What is needed — Print a faithful copy of the data below, word for word, with the pictures left out.

Stored data —
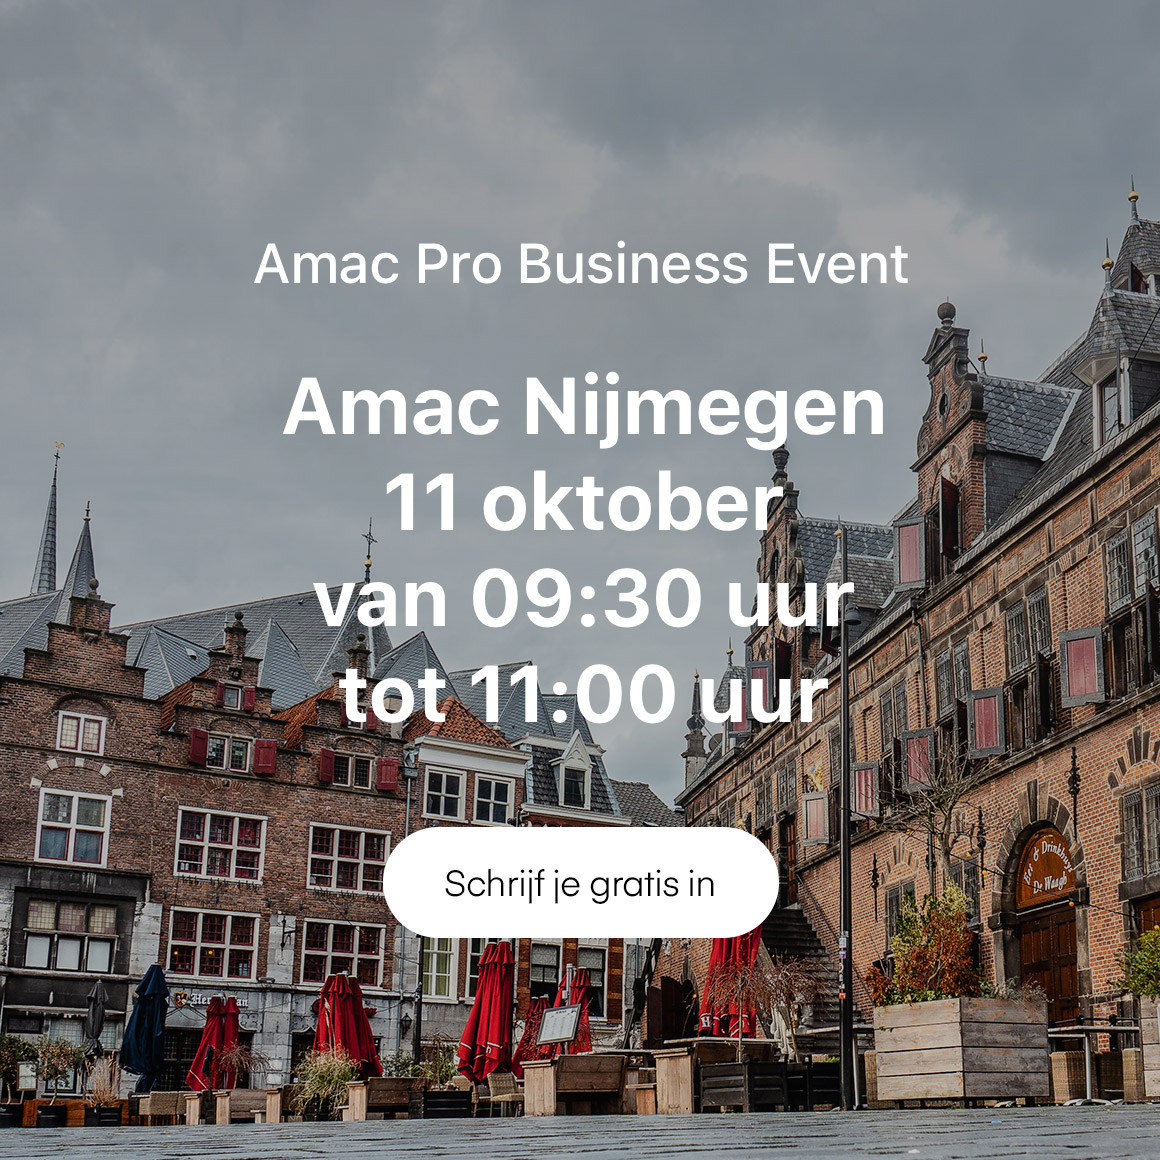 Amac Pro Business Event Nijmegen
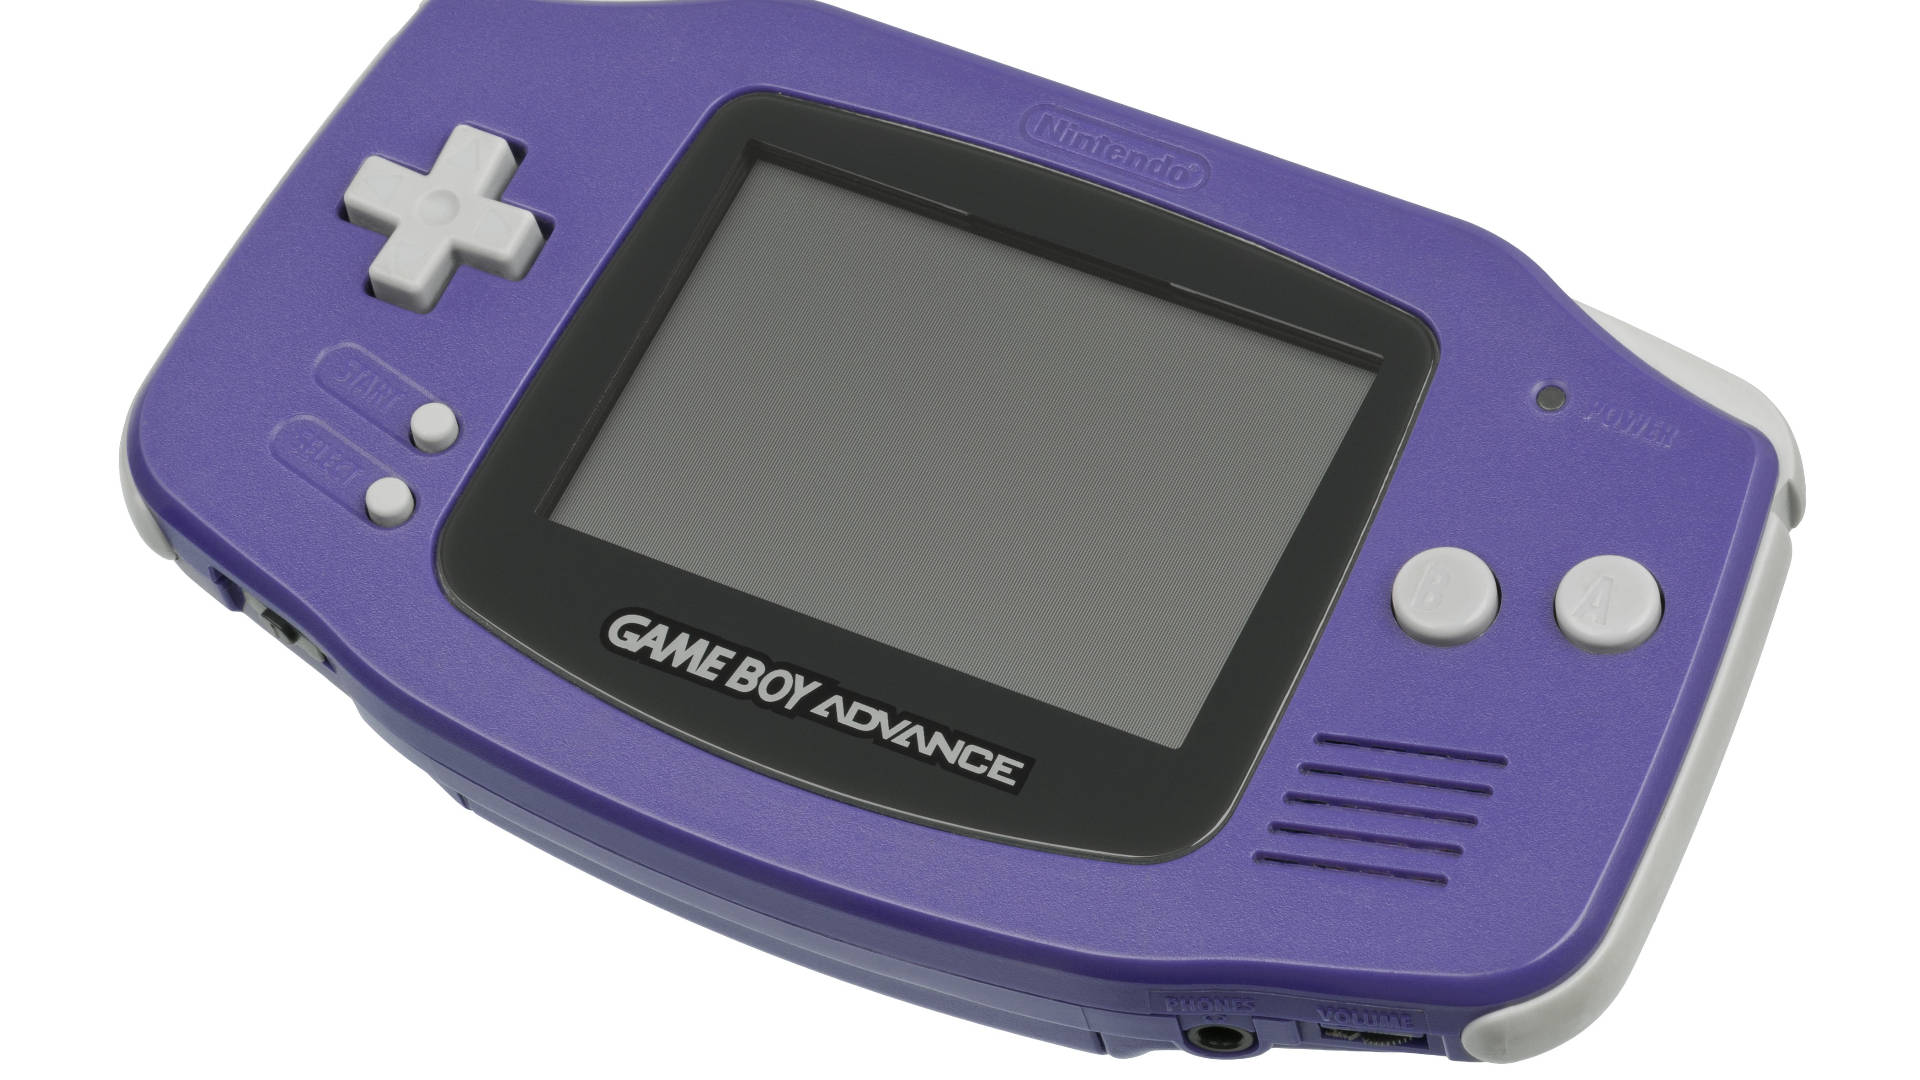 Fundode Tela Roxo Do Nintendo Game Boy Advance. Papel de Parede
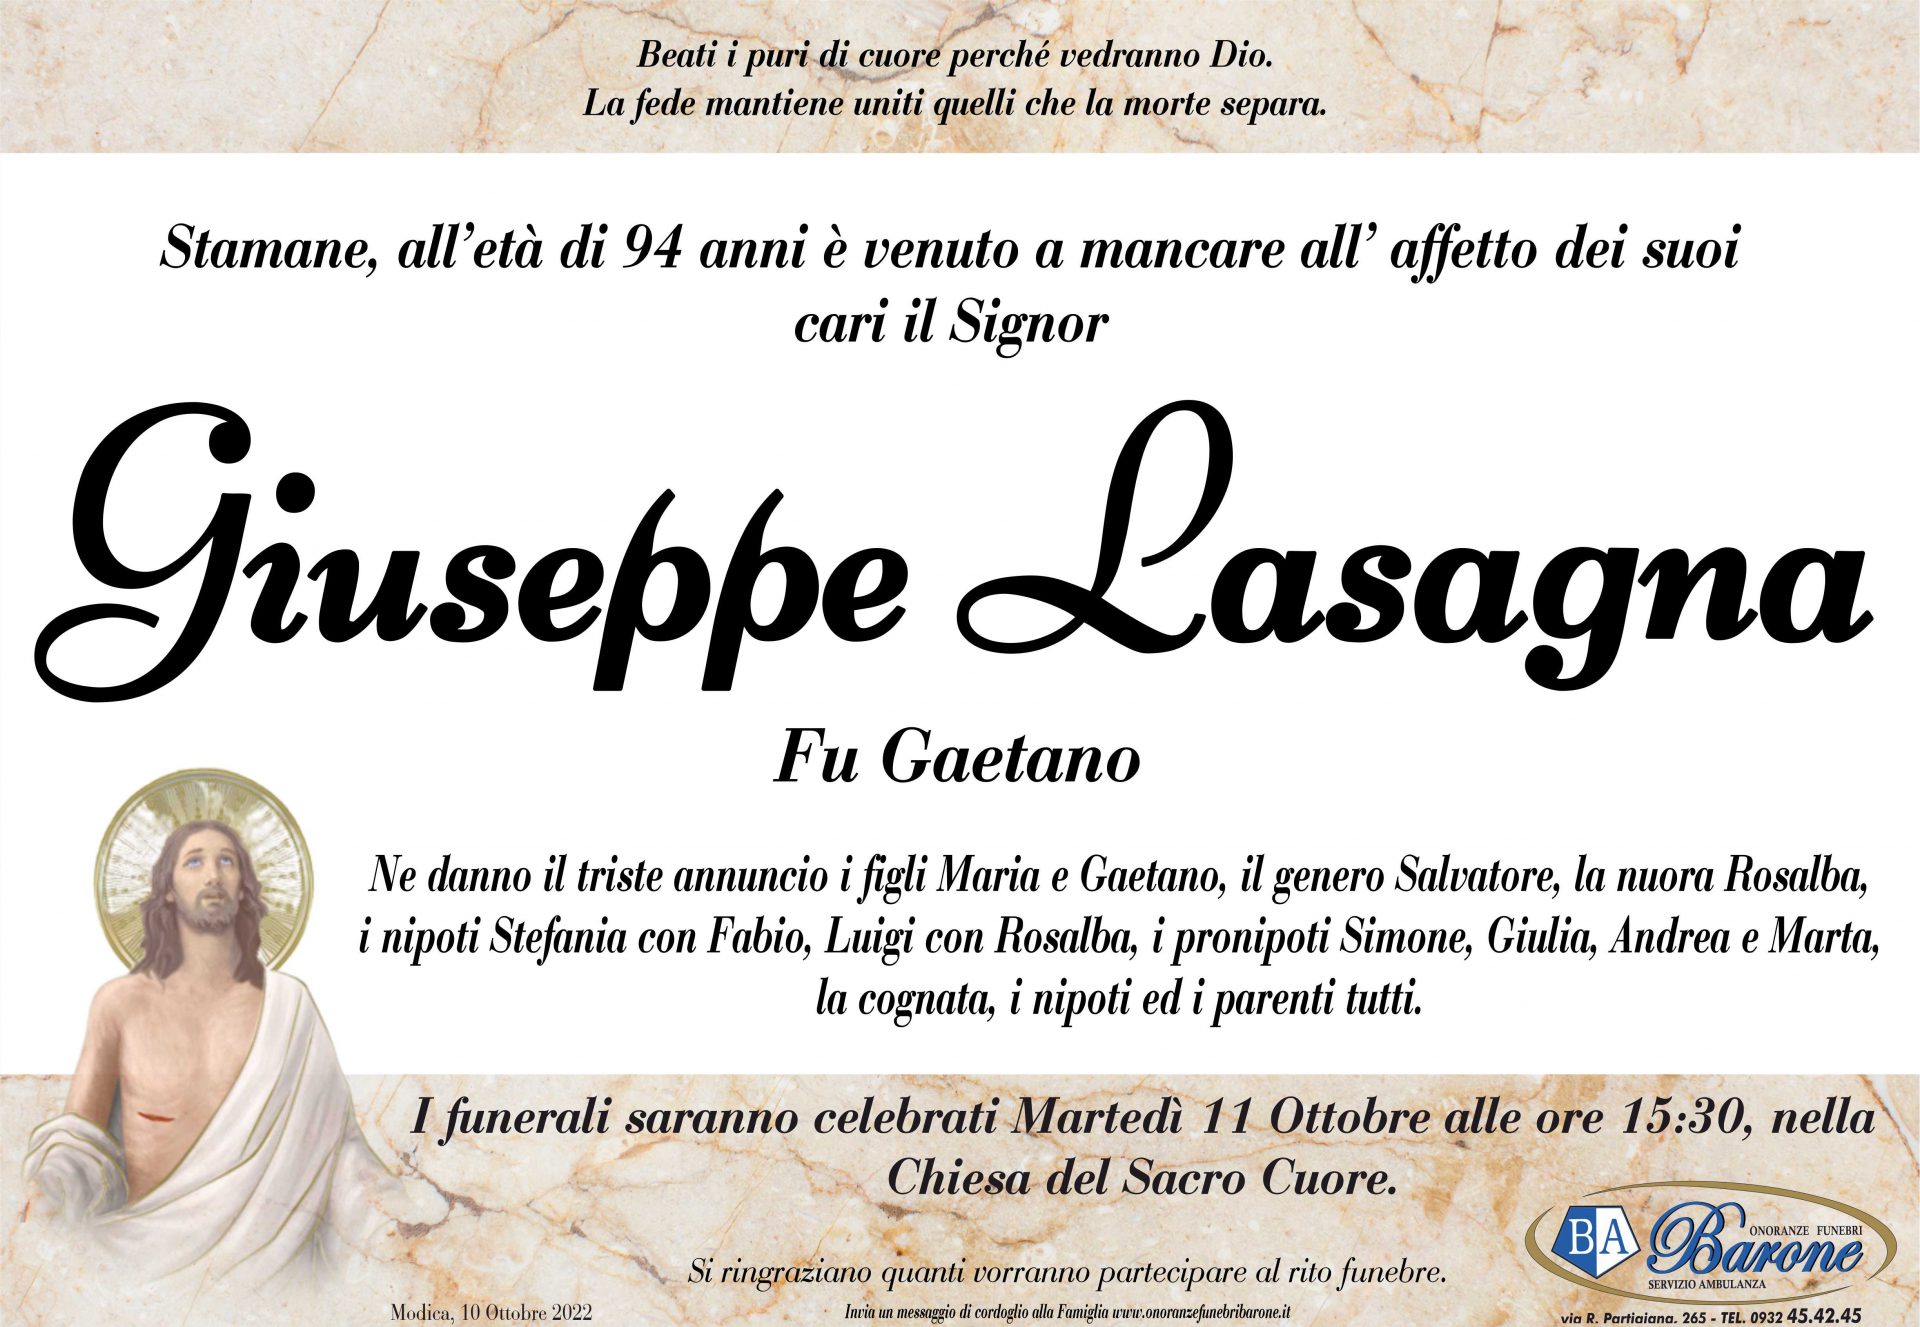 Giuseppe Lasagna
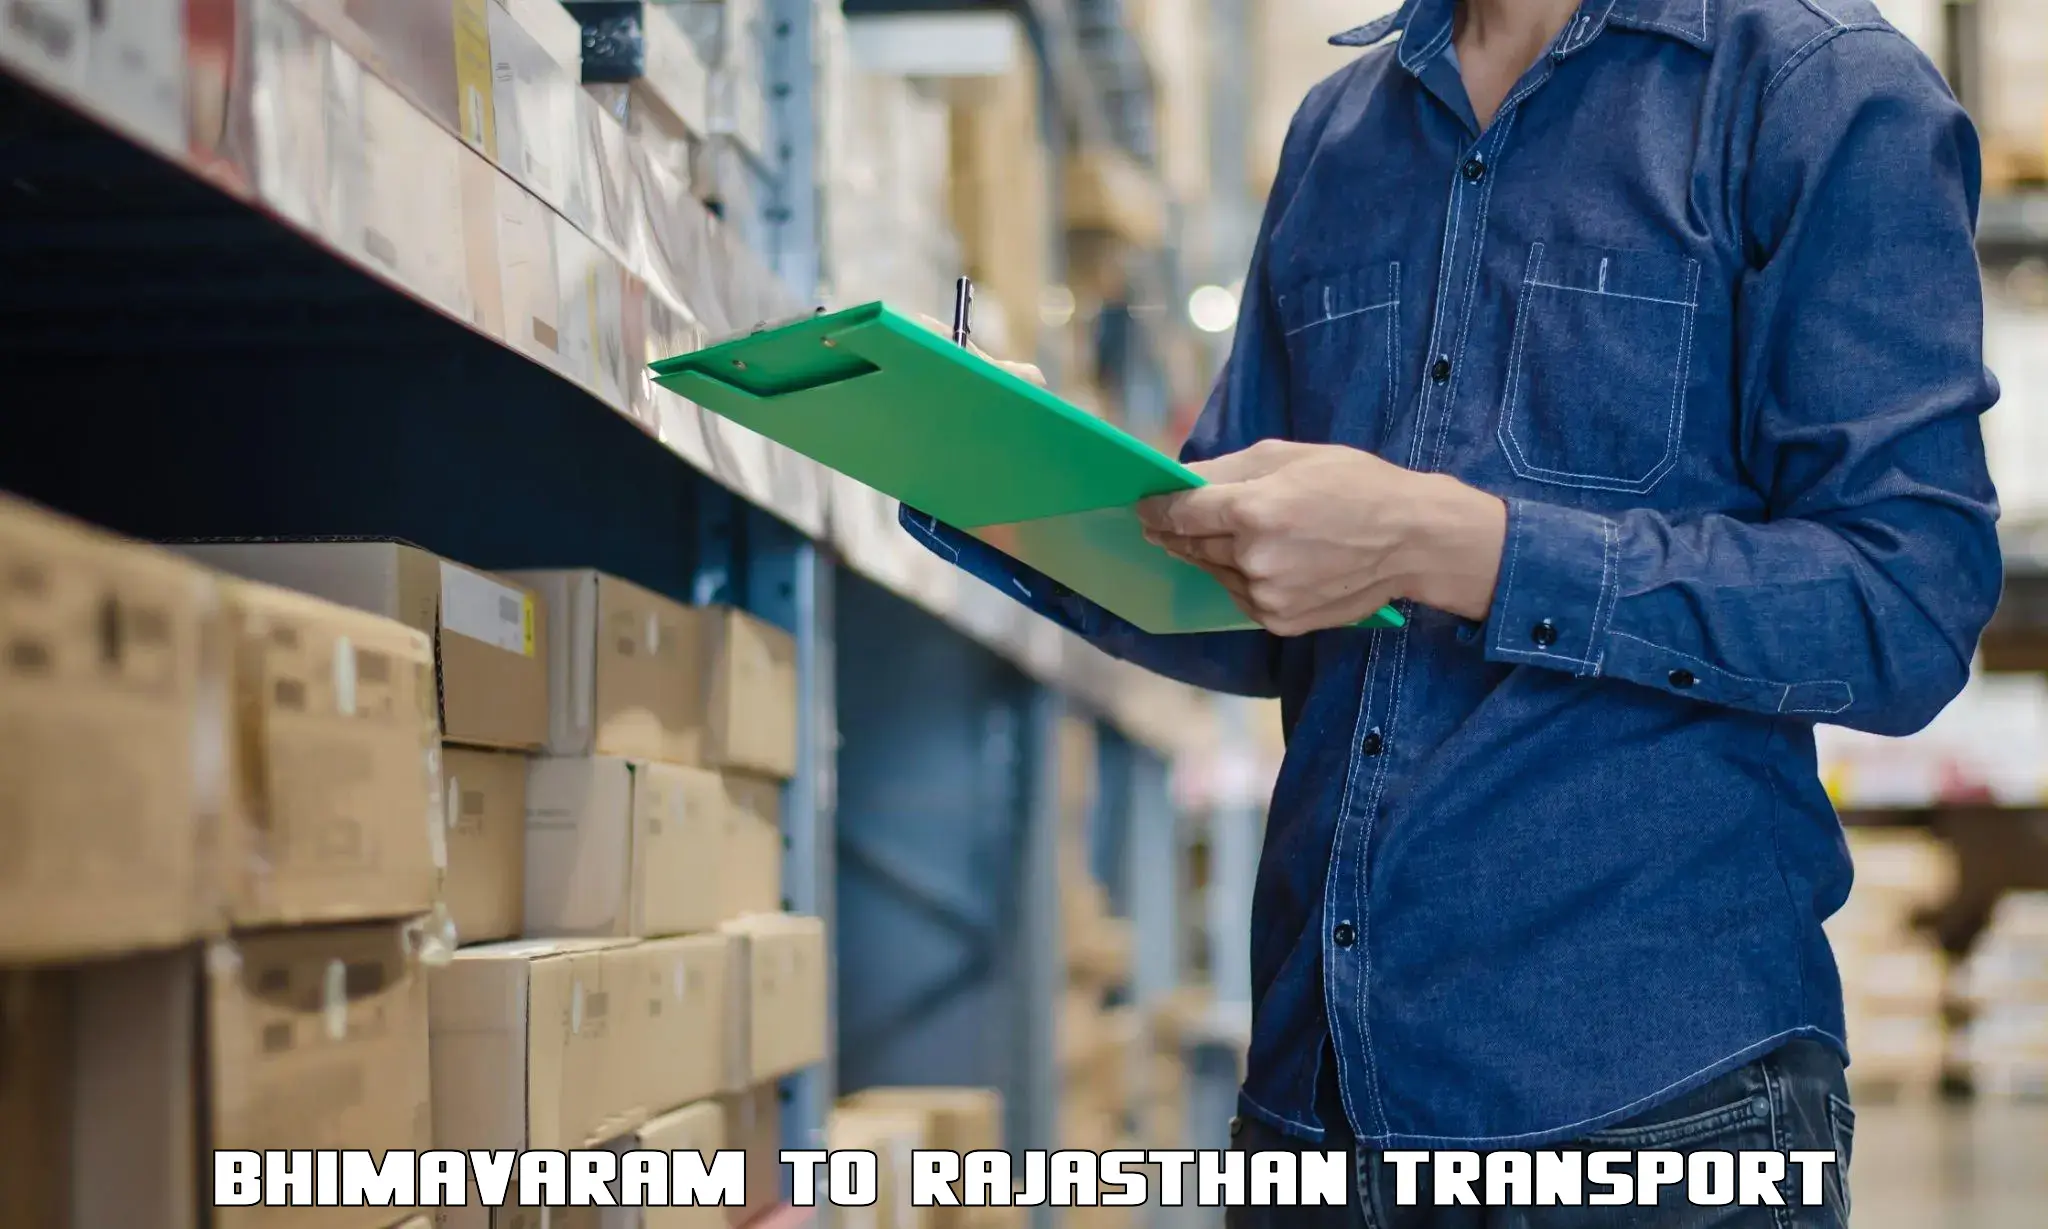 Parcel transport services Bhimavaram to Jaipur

Reply to the task —
 Amac Pro Business Event Nijmegen
 Fundode Tela Roxo Do Nintendo Game Boy Advance. Papel de Parede
 Giuseppe Lasagna
 Parcel transport services Bhimavaram to Jaipur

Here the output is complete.